My view on cheating was very simple, cause and effect. My relationships were like a redundant movie-like scenes. The happening was so redundant and almost as if it was deja-voo all over again every after another. My university year was as colorful as a festival. I was not those type of ladies who focuses on one goal, studies a week before exams and goes home before curfew. I was the exact complete different.

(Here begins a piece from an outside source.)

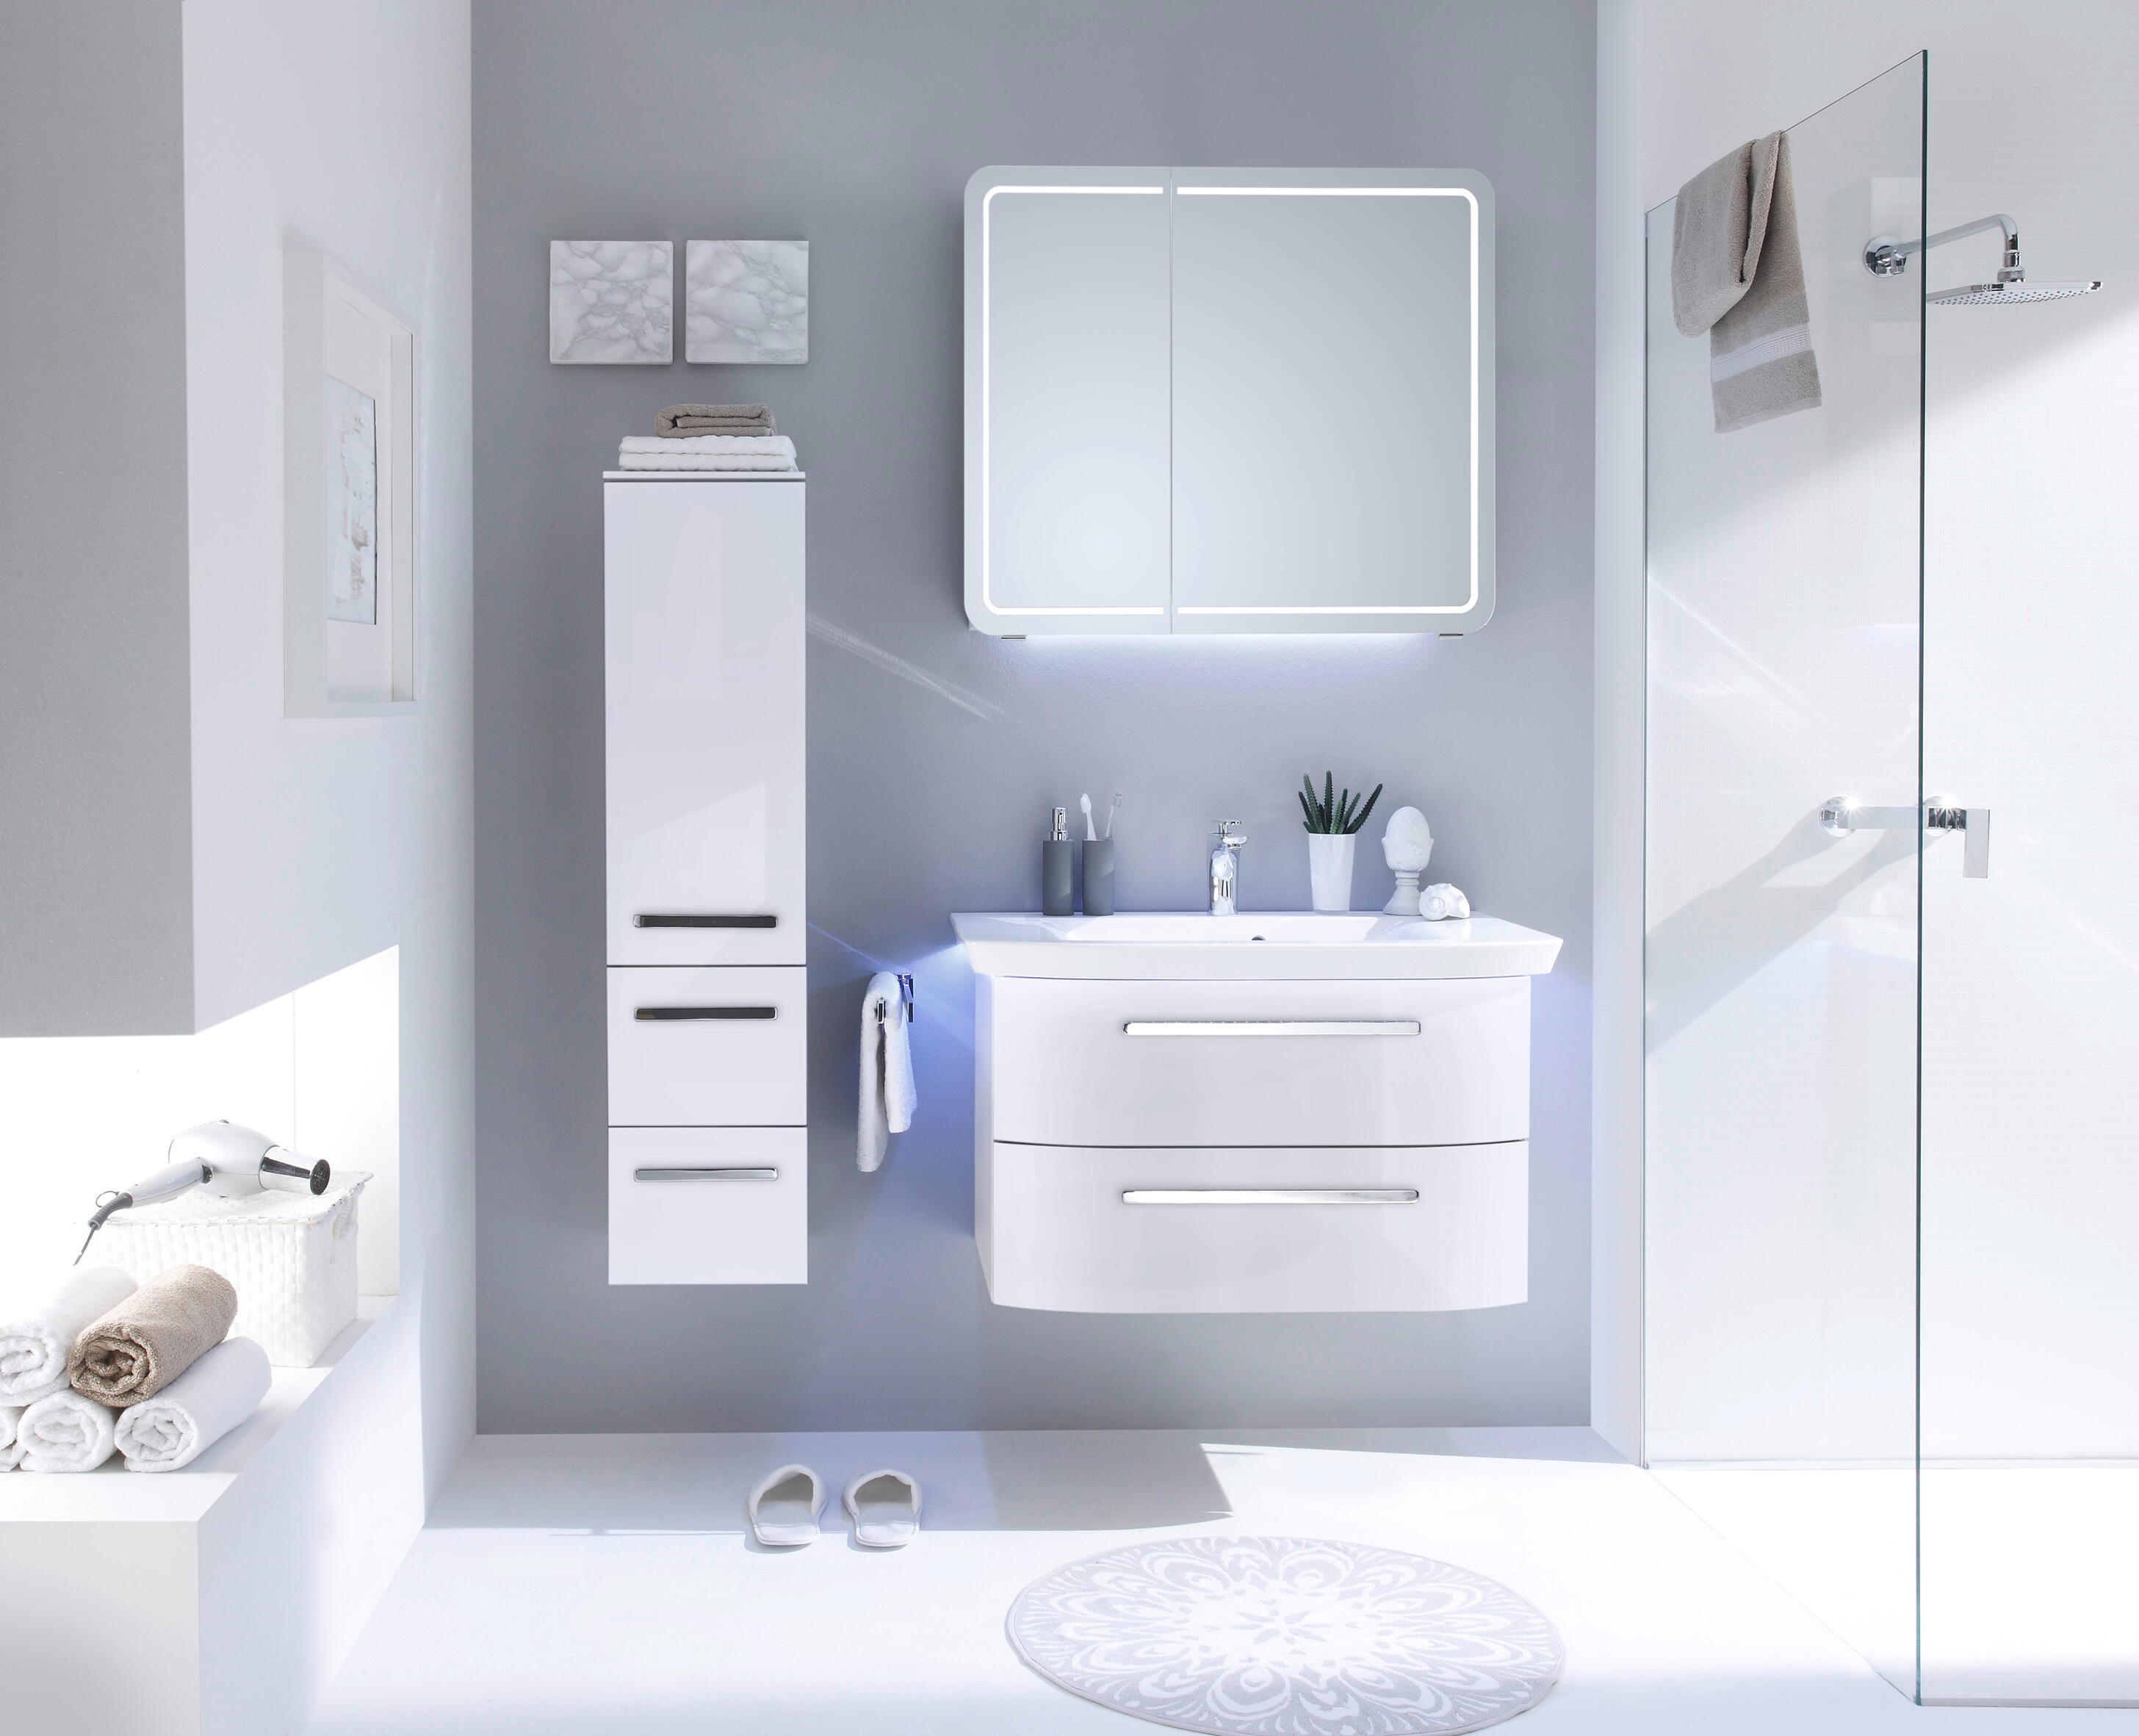 Mueble de baño con lavabo contea blanco 80x50 cm

I studied 30 minutes before every exam, goes home way past curfew, drunk, and I was happy-go-lucky person when it comes to my grades.

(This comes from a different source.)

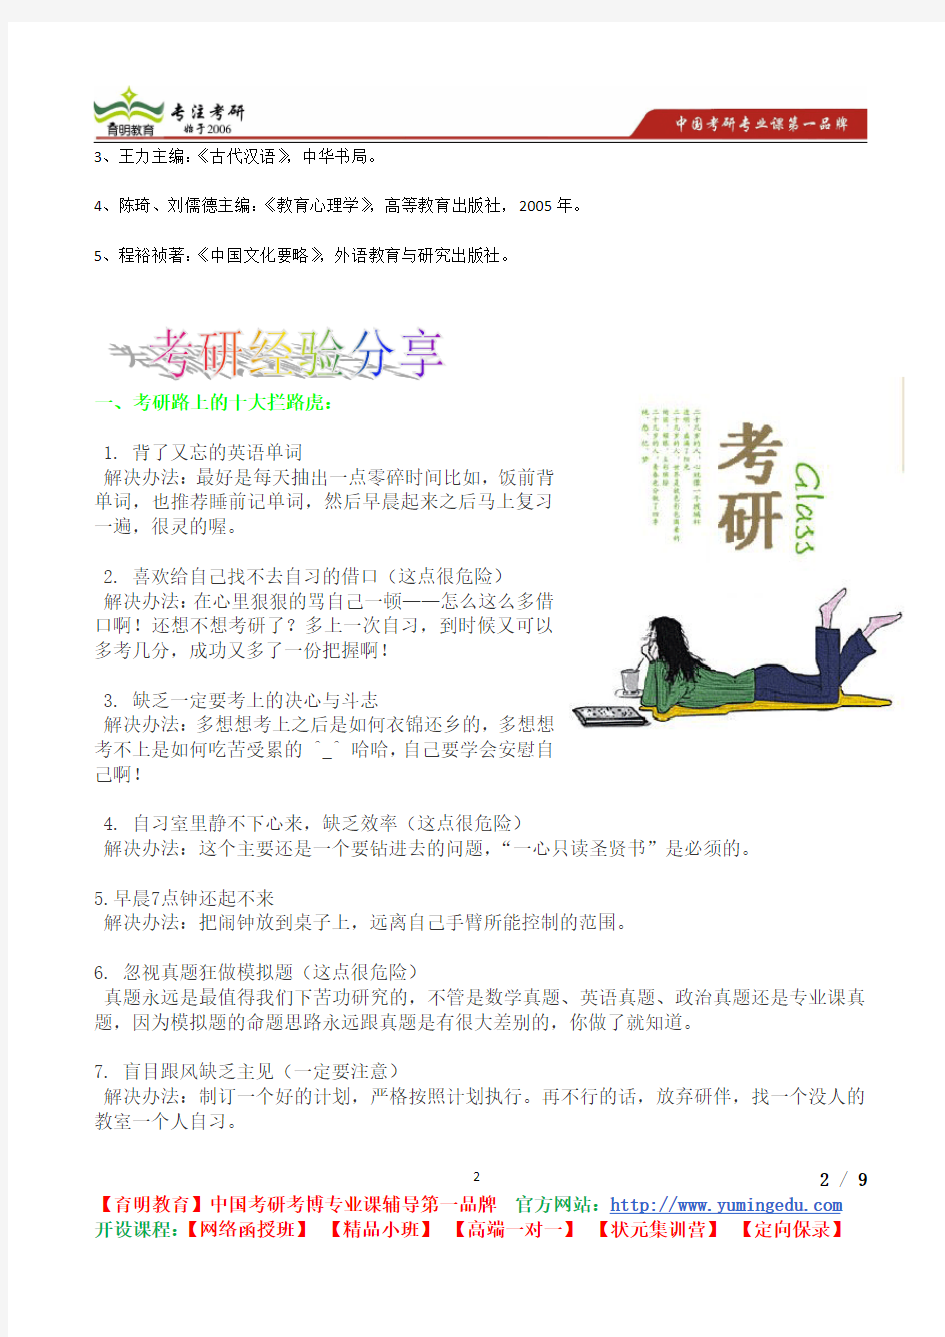 2015年北京外国语大学计算语言学考研真题,复习方法,考研流程,考研经验

 Cheating was re-occurring to my entire college life and I fall for the same reason every single time. Until I got fed up. So the last two relationships I decided to observe the patterns of how the pattern of behavior is and will be to lead me into a conclusion. This theory will not only explain the similar patterns of behavir but also the logic behind why men and women cheat on their partner.
 This theory of mine will also go into details of the person who gets into the process of “moving-on” from a cheater/heartbreak and will also explain how redundant the process of moving on as well.
 The Case of “Gaby”
Gaby is my friend who is 21, we hang out for a few years during college. Gaby was more of an acquaintance than a friend actually. We shared only the topical secrets we have, the ones that are similar to the environment we move into. We have a lot of common friends but we don’t have the same common interest. She likes to party at night but stay at home during the day, she disregards school as if it was just her past time during the day time. I hung out with her every after school for coffee, drinks and other activities Gaby had a long-term boyfriend, Elijah. Elijah, when we first met, he looked really kind, sweet and obedient to the needs of Gaby. Their relationship seems to look perfect and it seems like there is more to expect from their relationship than the typical-average-relationship now-a-days. Millenials love to post whatever was/is happening in their sical life so, I kind-of watched most of their “stories” on instagram when they were still together. As usual , they portray the most “perfect” couple on social media but one afternoon Gaby asked me to go out wither and have  decent dinner and coffee with her. She told me that Elijah has been cheating on her for so long, that she could not handle the pain anymore Elijah was giving her. She kept crying until she started saying “ang tanga tanga ko” and hurting her self constantly with her left hand pounding her left leg. It was a sign of regret I guess… She told me that she endured the pain too long that it was an “enough” reason to leave their long term relationship. I told her todo what she thinks is the best for her mental health. I have observed them both on social media. Both of them seem to look happy , but of course that is social media. Elijah went to me one night and told me that, after all the cheating his heart is still with Gaby and he wished that she have never done that. On the other side, Gaby, already have moved on she is happy now with another guy and soon she is getting married.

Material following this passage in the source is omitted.